No Hiding Place from 1% Levy

Published date: 
13 Oct 2008

Tuesday 14 October 2008: FOR IMMEDIATE RELEASE
Children’s Rights Alliance Budget Statement

“The Children’s Rights Alliance is disappointed with the Minister for
Finance Brian Lenihan TD’s first budget, as the small print relating to
its claims of targeted spending in education, health and social welfare
becomes clearer. Amidst the international banking crisis, we
acknowledge cuts would have to be made, but Budget 2009, despite the
intentions of the former Minister for Children, will do little to
‘protect the most vulnerable in society’. The call for ‘solidarity’ and
for the nation to ‘all pull together’ is misplaced, when careless cuts,
including a 1% levy, will drive more children into poverty, rather than
lift them out of it.

That said, there have been some saving graces. The €2 increase in the
Qualified Child Increase (QCI), although modest, is to be welcomed. The
QCI is one of the few existing measures to target income support
towards the poorest families – those that are completely dependent on
social welfare. The desperate state of our school buildings has not
been ignored in this budget. The €581 million dedicated to primary and
secondary school infrastructure is an important investment in the
longer-term standard of Irish schools, and is welcomed by the Alliance.

However, for families on low incomes, the 1% levy will be a hit
significant enough to topple some families below the poverty line. Over
230,000 children are at risk of poverty in Ireland, almost 1 in 4 –
today’s Budget is set to increase this figure. There is no hiding place
from the 1% levy. We reject Minister’s Lenihan’s suggestion that
universal entitlements fail to target those in greatest need. Universal
Child Benefit is about equity and how society values children. Its
taxation will not save money for Minister Lenihan. The Commission for
Taxation will find that the administrative costs of making
complementary changes will outweigh any saving.

Cuts to the Child Benefit payment to young people, who have passed the
cut off age of 18 years, but are in full time education and remain
dependent on their families, is a significant step backwards.

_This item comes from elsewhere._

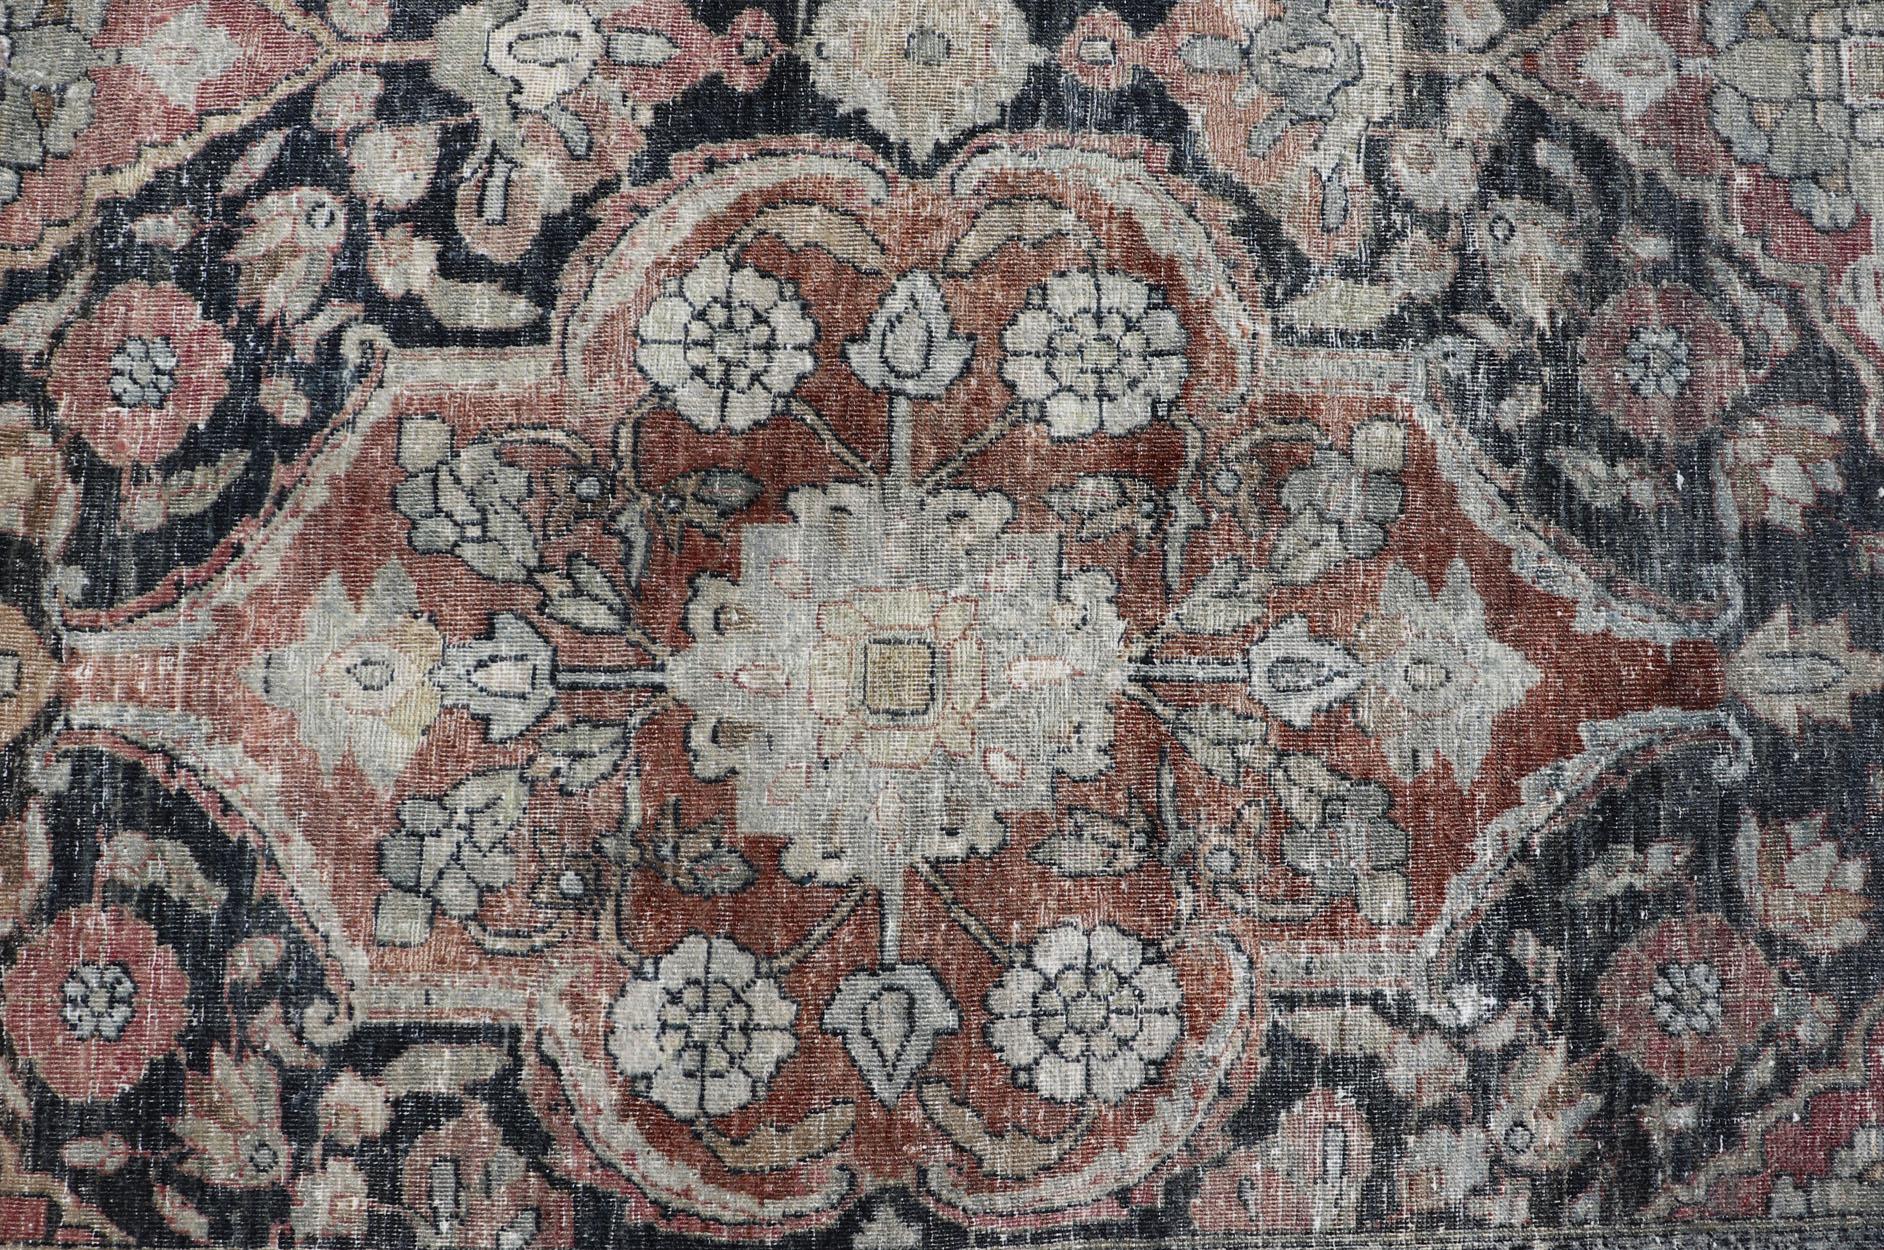 Antique Destressed Persian Yazd Rug in Charcoal, Copper, Warm Gray, Taupe & Rose For Sale 7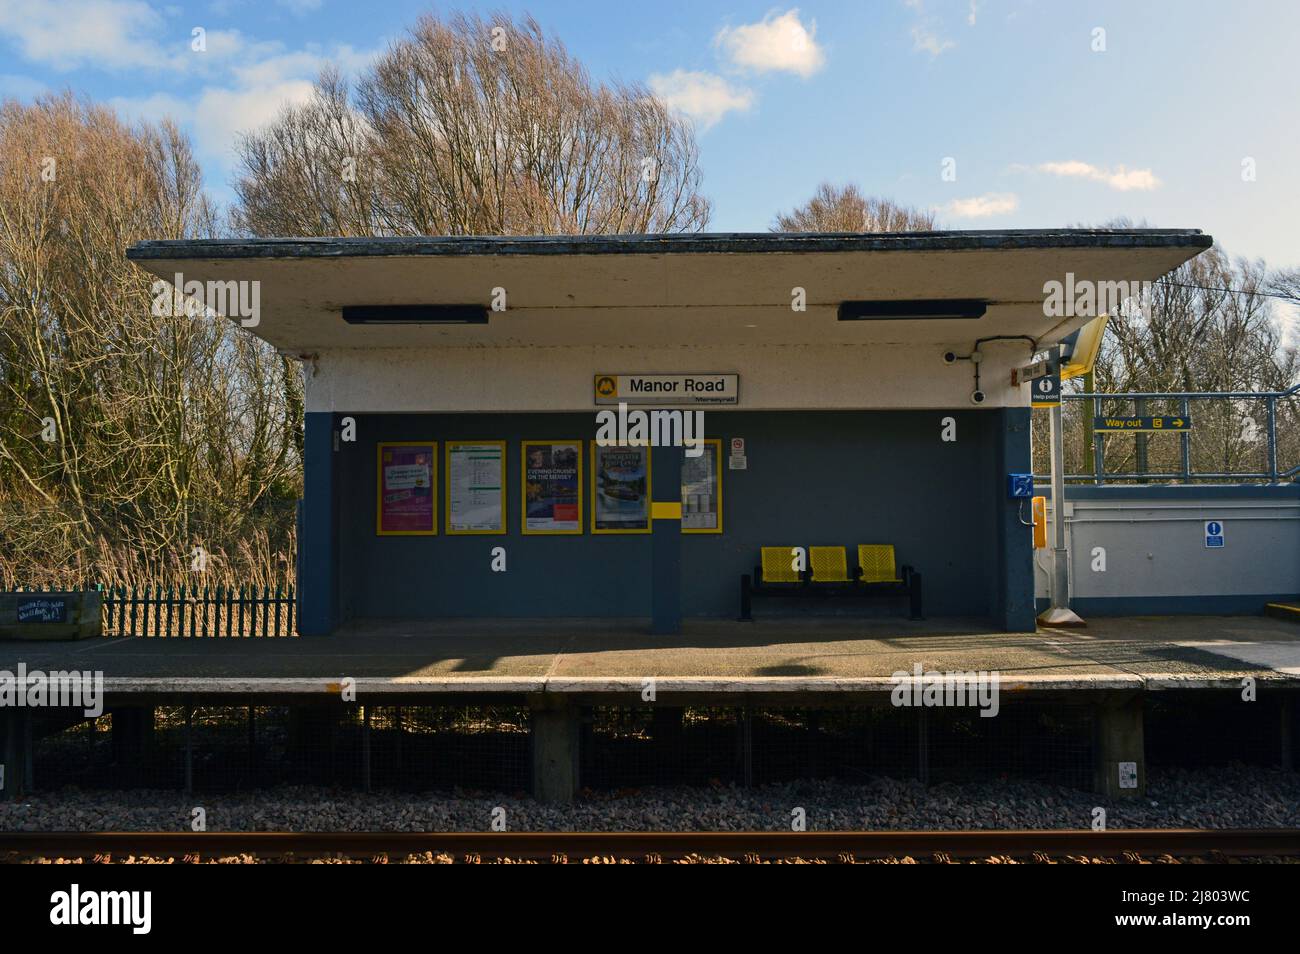 MANOR ROAD. WIRRAL. ENGLAND. 03-12-21. The platform shelter at Manor Road railway station Hoylake. on the Merseyrail electric route to West Kirby. Stock Photo

It shows
a lack of appreciation for the vulnerability of young people at this
stage in their life – it is in all our future interests that young
people are encouraged to continue in further education. The withdrawal
of this payment will disproportionately impact on children in poorer
households where the incentive will be to find a job rather than remain
in education.

In addition, as a member of the Equality Rights Alliance, we are deeply
concerned by the drastic budget cuts to the Equality Authority and the
Irish Human Rights Commission. These bodies are central to the
framework we have established to protect and promote human rights,
including the human rights of children. While we acknowledge the
legitimate cost saving objective in the decision to integrate the
administrative functions of both offices, we are gravely concerned that
the budget cuts will dilute work programmes and compromise the scrutiny
and promotion functions of these respective bodies. This
decision is flawed and we strongly urge that it be re-examined.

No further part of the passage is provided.